Quite suddenly, when we were perhaps three quarters across the room from the stair, he turned and ran. It was astonishing, like seeing a tree run.

It was also very quick. Ungainly though he was, he covered two paces with every step, and he reached the wall - where there was just such a slit of window as Ossipago had stared from - long before me.

For an instant I could not think what he meant to do. The window was far too narrow for him to climb through. He thrust both his great hands into it, and I heard the grinding of stone upon stone.

Just in time I guessed, and managed a few steps back. A moment later he held a block of stone wrenched from the wall itself. He lifted it above his head and hurled it at me.

As I leaped aside, he tore free another, and then another. At the third I had to roll desperately, still clutching my sword, to avoid the fourth, the stones coming quicker and quicker as the lack of those already torn away weakened the structure of the wall. By the purest chance, that roll brought me close to a casket,' a thing no bigger than a modest housewife might have for her rings, lying on the floor.

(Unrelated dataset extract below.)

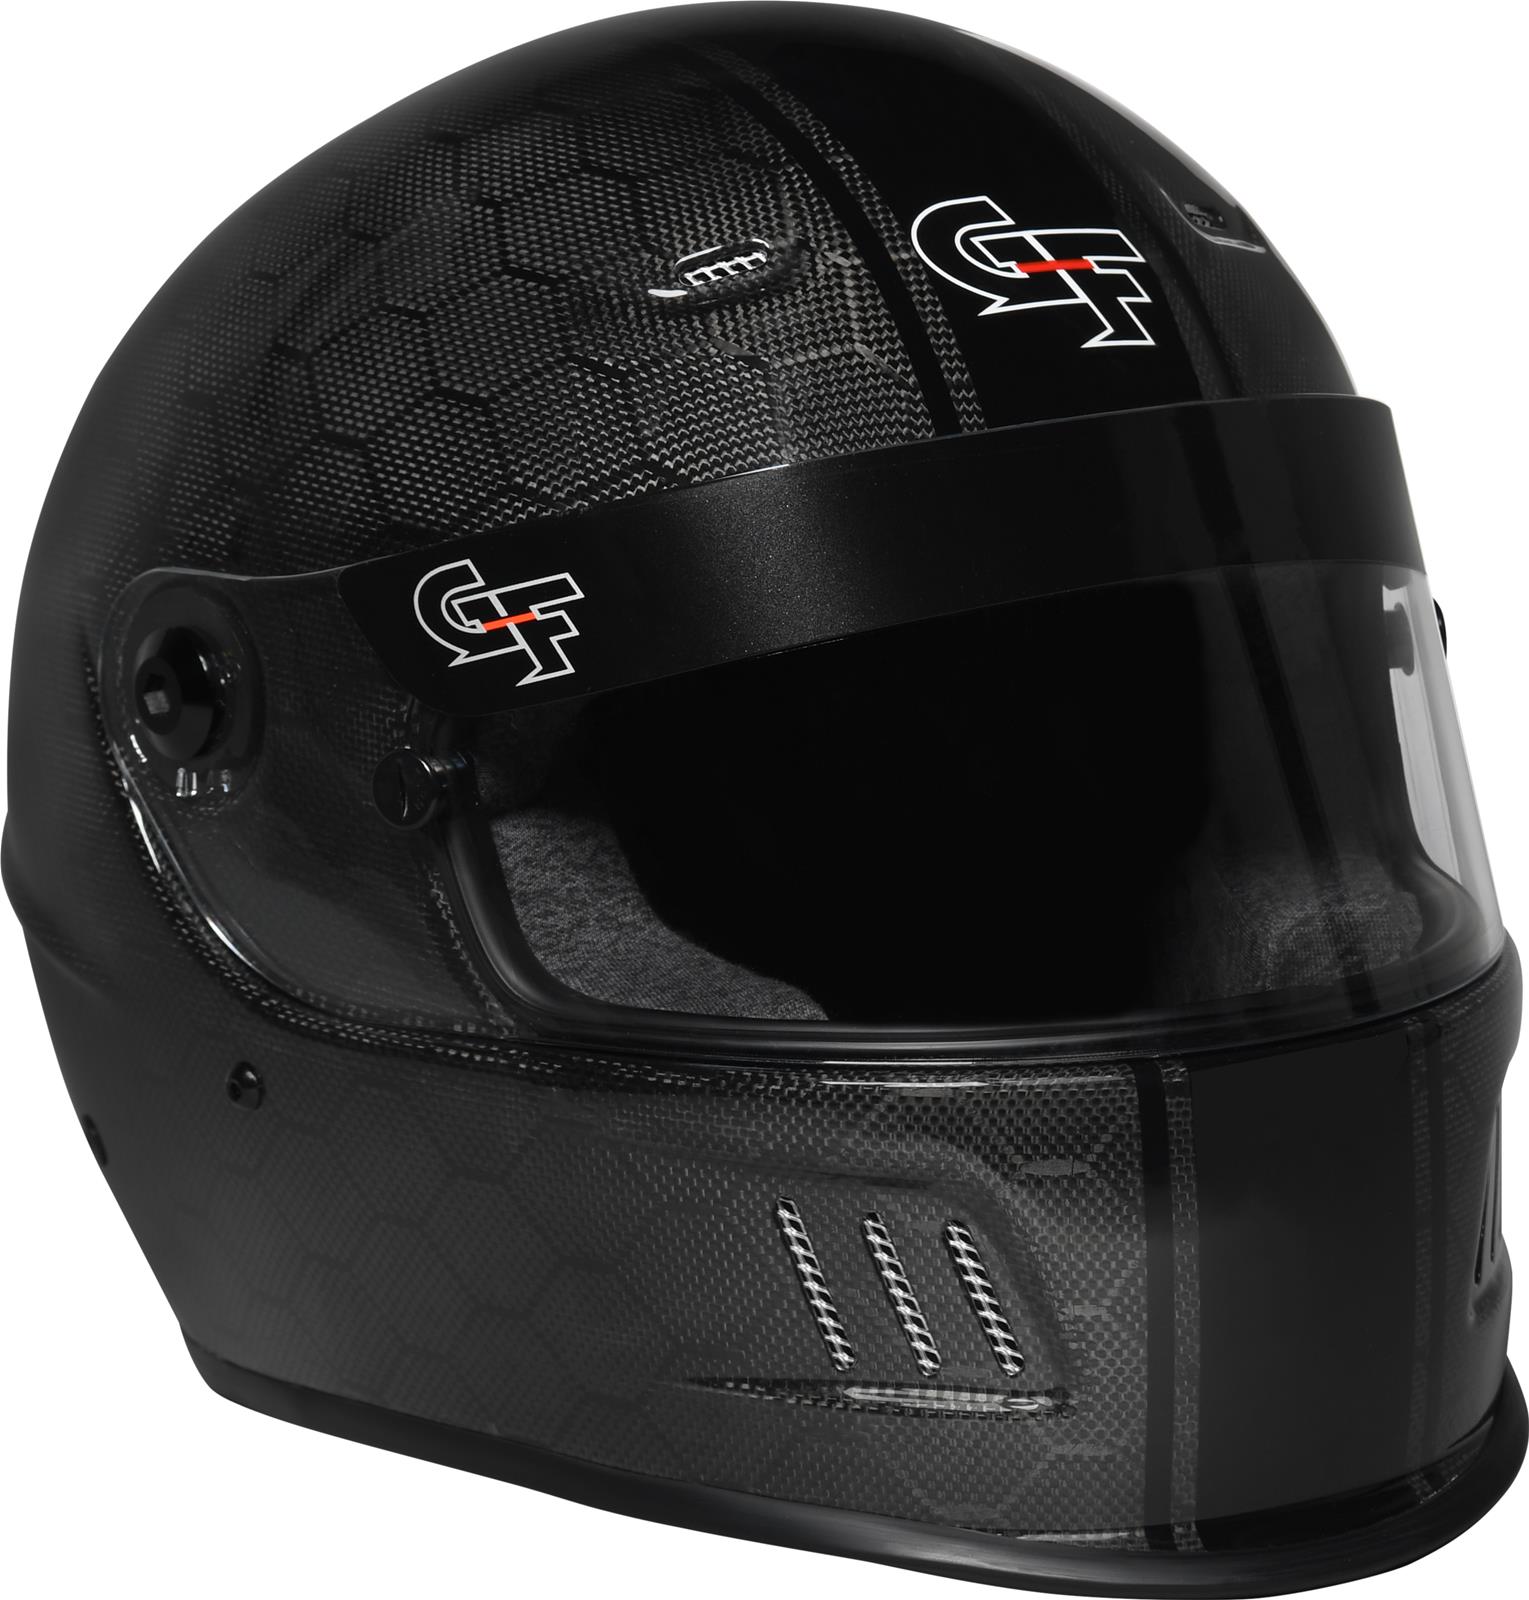 g force helmets

It was ornamented with little knobs, and something in their form recalled to me those Master Gurloes had adjusted at Thecla's excruciation. Before Baldanders could pry out another stone, I scooped the casket up and twisted one of its knobs. At once the vanished mist came boiling out of the floor again, quickly reaching the level of my head, so that I was blinded in its sea of white.

"You have found it," Baldanders said in his deep, slow tones. "I should have turned it off. Now I cannot see you, but you cannot see me."

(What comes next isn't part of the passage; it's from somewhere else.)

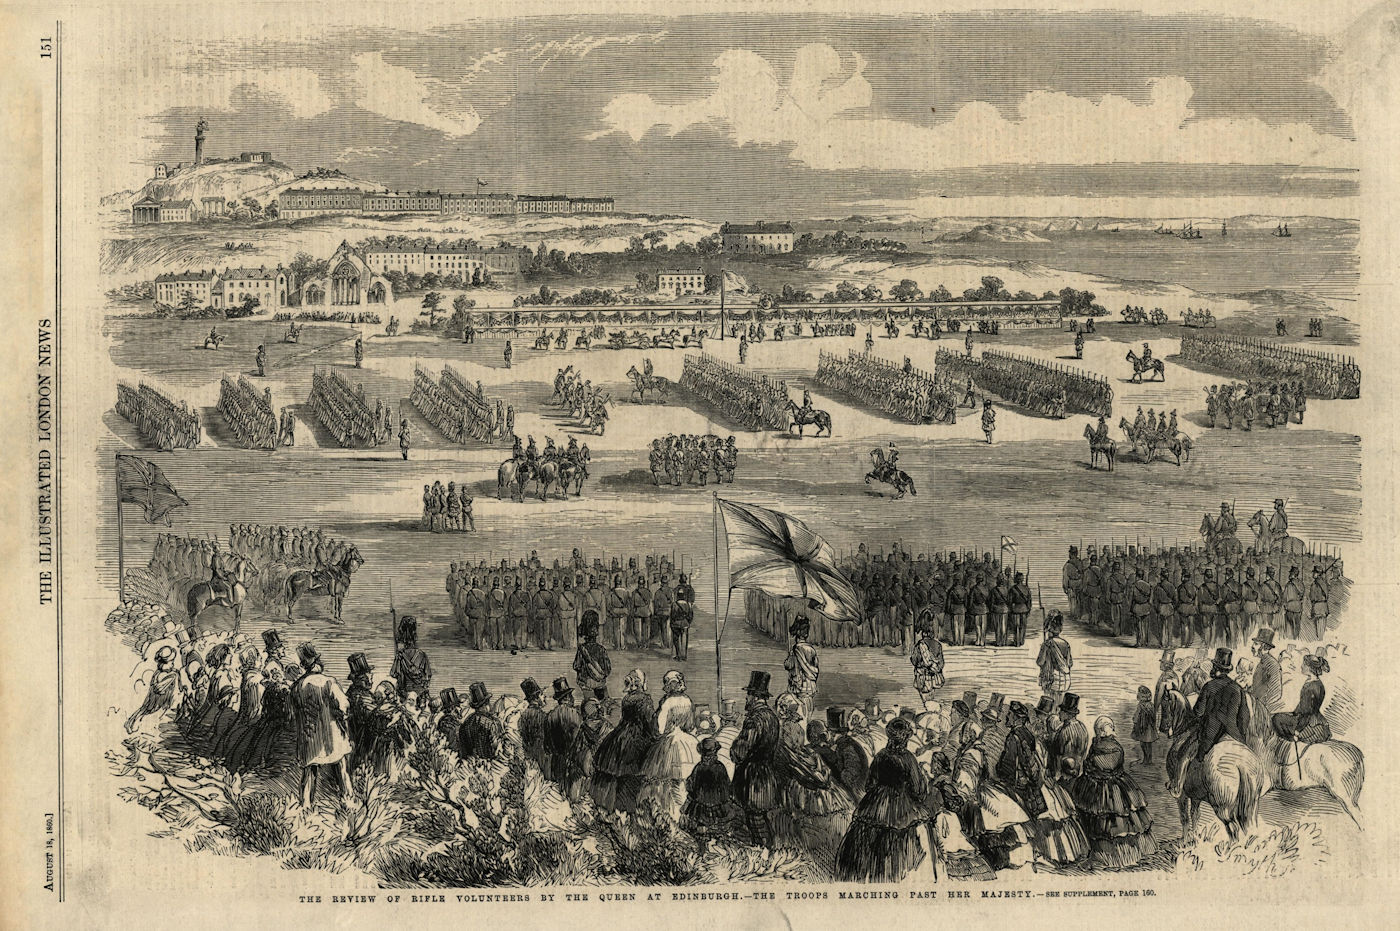 The Rifle Volunteers marching past Queen Victoria in Edinburgh, Scotland 1860

I kept silent because I knew he was standing with a block of stone poised to throw, waiting for the sound of my voice. After I had drawn perhaps two dozen breaths, I began to edge toward him as silently as I could. I was certain that despite all his cunning he could not walk without my hearing him. When I had taken four steps, the stone crashed on the floor behind me, and there was the noise of another being torn from the wall.

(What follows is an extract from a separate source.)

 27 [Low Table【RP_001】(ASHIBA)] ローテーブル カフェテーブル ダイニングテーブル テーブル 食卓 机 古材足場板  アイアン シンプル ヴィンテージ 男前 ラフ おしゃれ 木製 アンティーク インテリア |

It was one stone too many; there came a deafening roar, and I knew a whole section of the wall above the window must have gone crashing down. Briefly I dared to hope it had killed him; but the mist began to thin at once, pouring through the rent in the wall and out into the night and the rain outside, and I saw him still standing beside the gaping hole.

He must have dropped the stone he had wrenched loose when the wall fell; he was empty-handed. I dashed toward him hoping to attack him before he realized I was upon him. Once again he was too quick. I saw him grasp the wall that remained and swing himself out, and by the time I had reached the opening he was some distance below. What he had done seemed impossible; but when I looked more carefully at that part of the tower illuminated by the lights of the room in which I stood, I saw that the stones were roughly cut and laid without mortar, so there were often sizable crevices between them, and that the wall sloped inward as it rose.